Reflection on the Gospel of the Fourth Sunday In Ordinary Time(Day of Consecrated Life) |
Luke 4:21-30 |
“The Spirit of the Lord is upon me, for he has anointed me. He has sent me with the commission to announce good news to the poor, to proclaim release to captives and recovery of sight to the blind; to send off the oppressed with liberty, to proclaim an acceptable year of the Lord.” – It is with these words of scripture that Jesus announces His Mission Statement and declares that He is the long awaited Messiah who going to save them all. However, many readers are puzzled by the apparent shift from 4:22, where the response of the listeners is if not admiring at least neutral, to 4:28, where wrath spills over into attempted manslaughter.
The provocation is given by the comparison of Jesus’ ministry to that of Elijah and Elisha.
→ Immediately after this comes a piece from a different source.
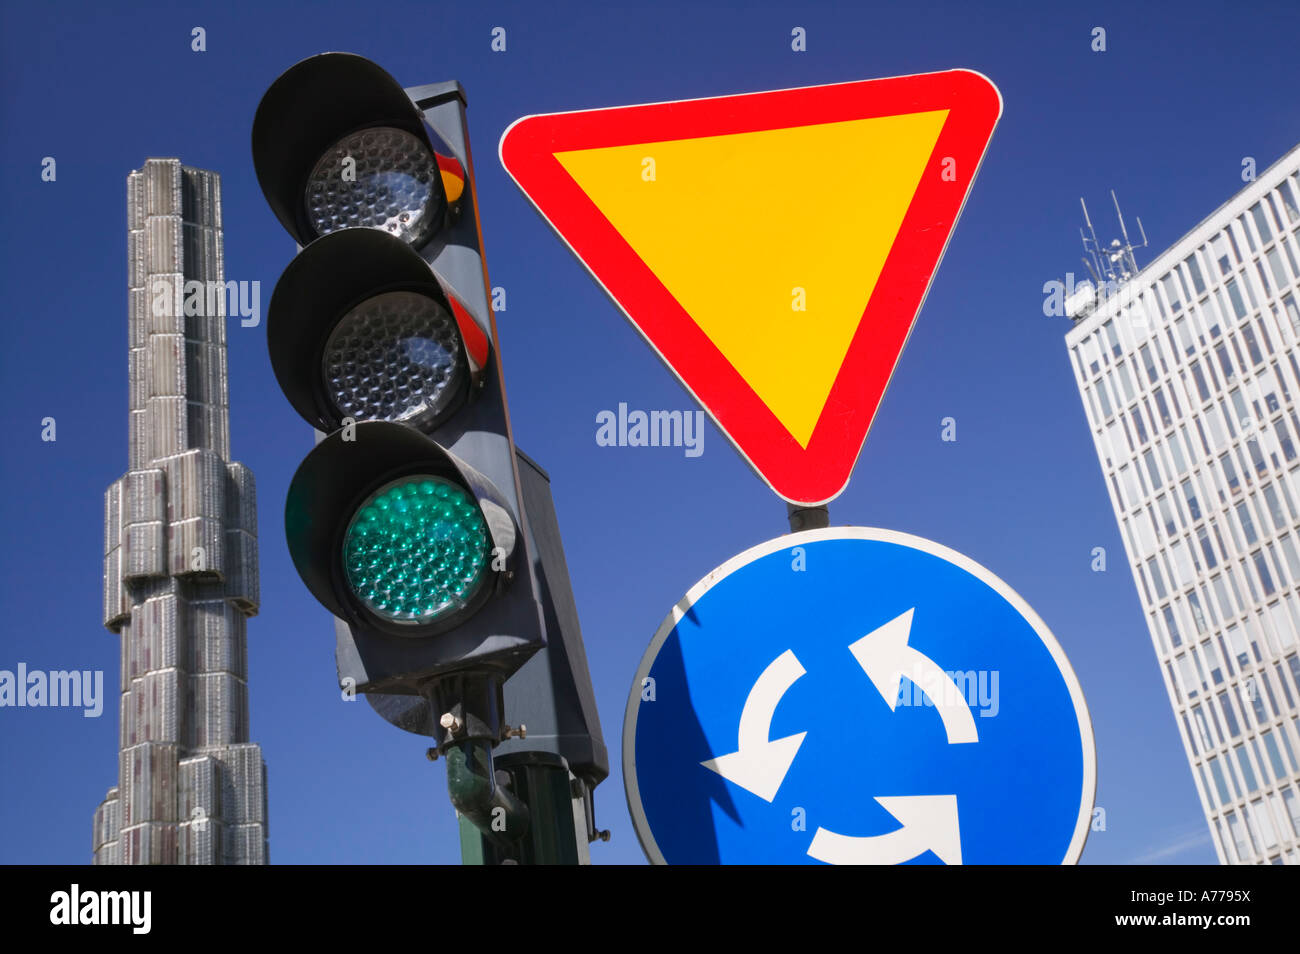 Traffic signal and signs in Sergels Torg, Sweden. Stock Photo
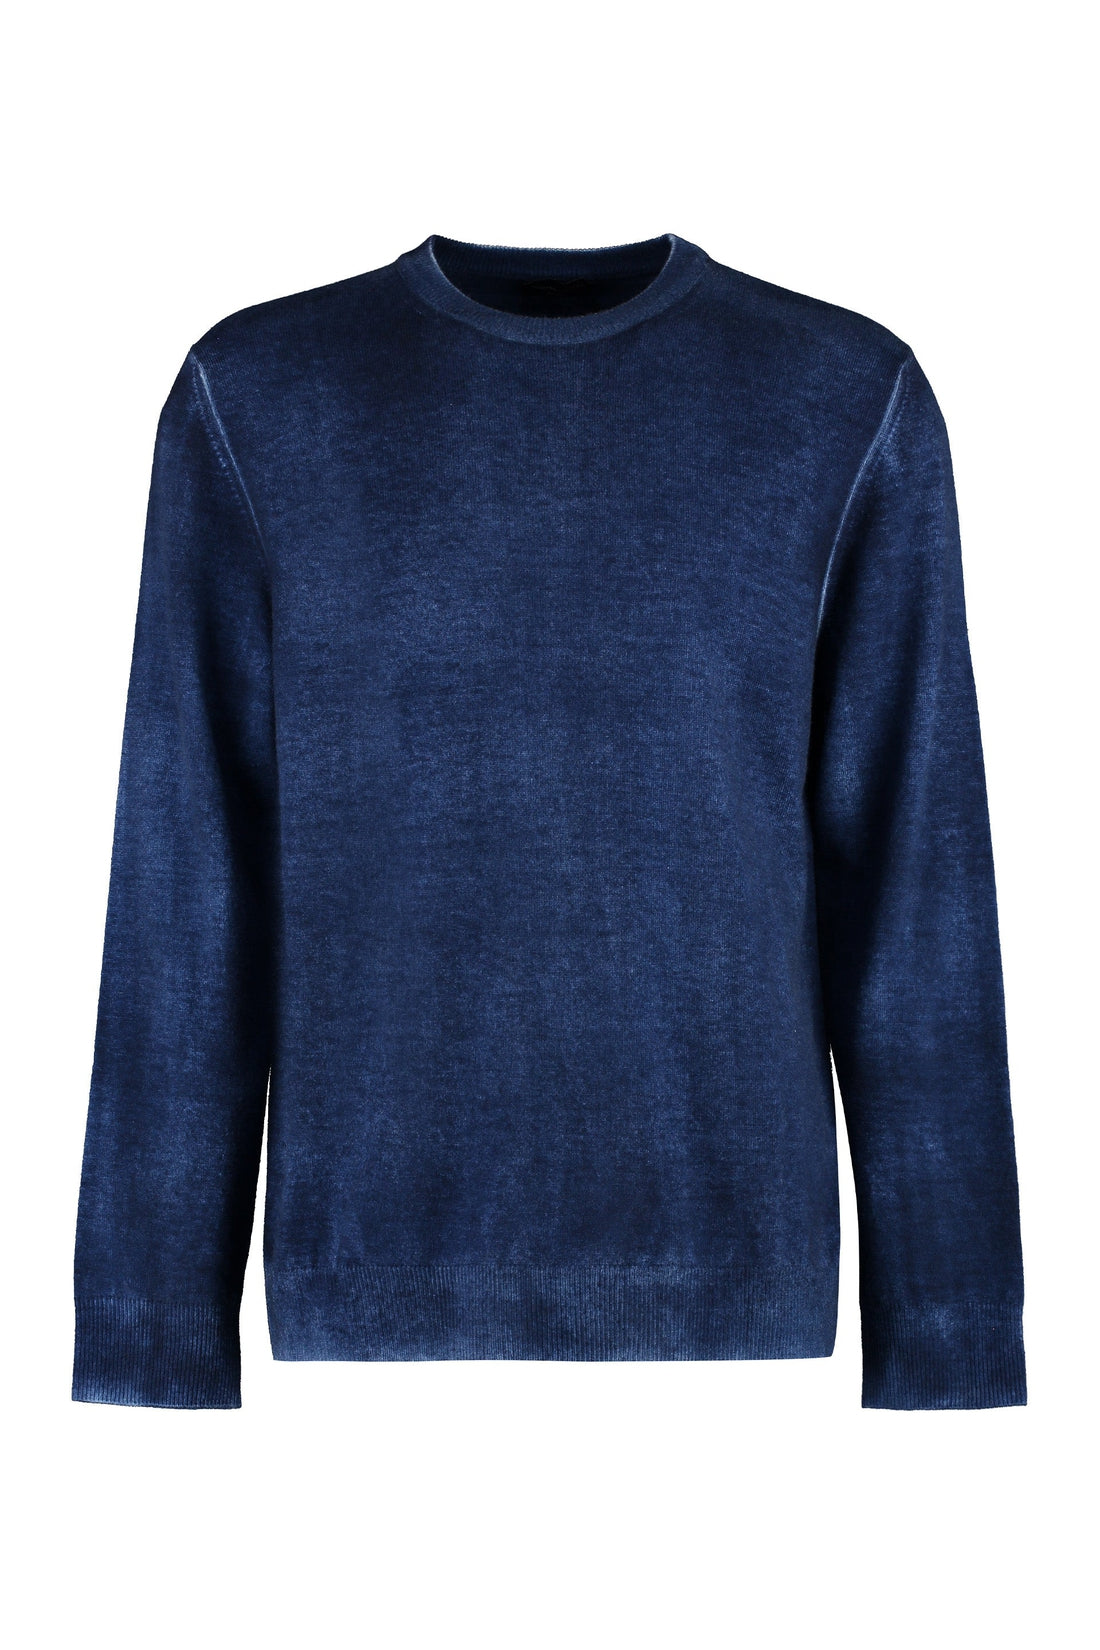 Roberto Collina-OUTLET-SALE-Wool and cashmere sweater-ARCHIVIST

The stories are bound together only by the fact that in both the prophetic visitation was extended to Gentiles—outside the boundaries of the people Israel. The reader has already been told by Simeon’s prophecy in 2:32 and the citation of Isaiah in 3:6 that the salvation brought by Jesus would extend to all nations. But this is the first that any of the Jewish characters in the narrative have heard of it. The comparison’s equations are simple: as Jesus = a prophet, and Nazareth = Israel, so Capernaum = the Gentiles.
It is this veiled intimation that the prophet would be for all and not just for them—and in the reader’s understanding, that God’s visitation and salvation were to be for the poor and oppressed of all nations and not just for Jews—that arouses the neighbours’ wrath, impelling them to fulfill Jesus’ statement: he is not acceptable in his own country because his mission extends beyond his own country. Luke thus provides the last part of the prophetic pattern, that of rejection by the people.
We should therefore reflect if our actions and our lives are an impediment or a benefit in Jesus message reaching to all who we encounter.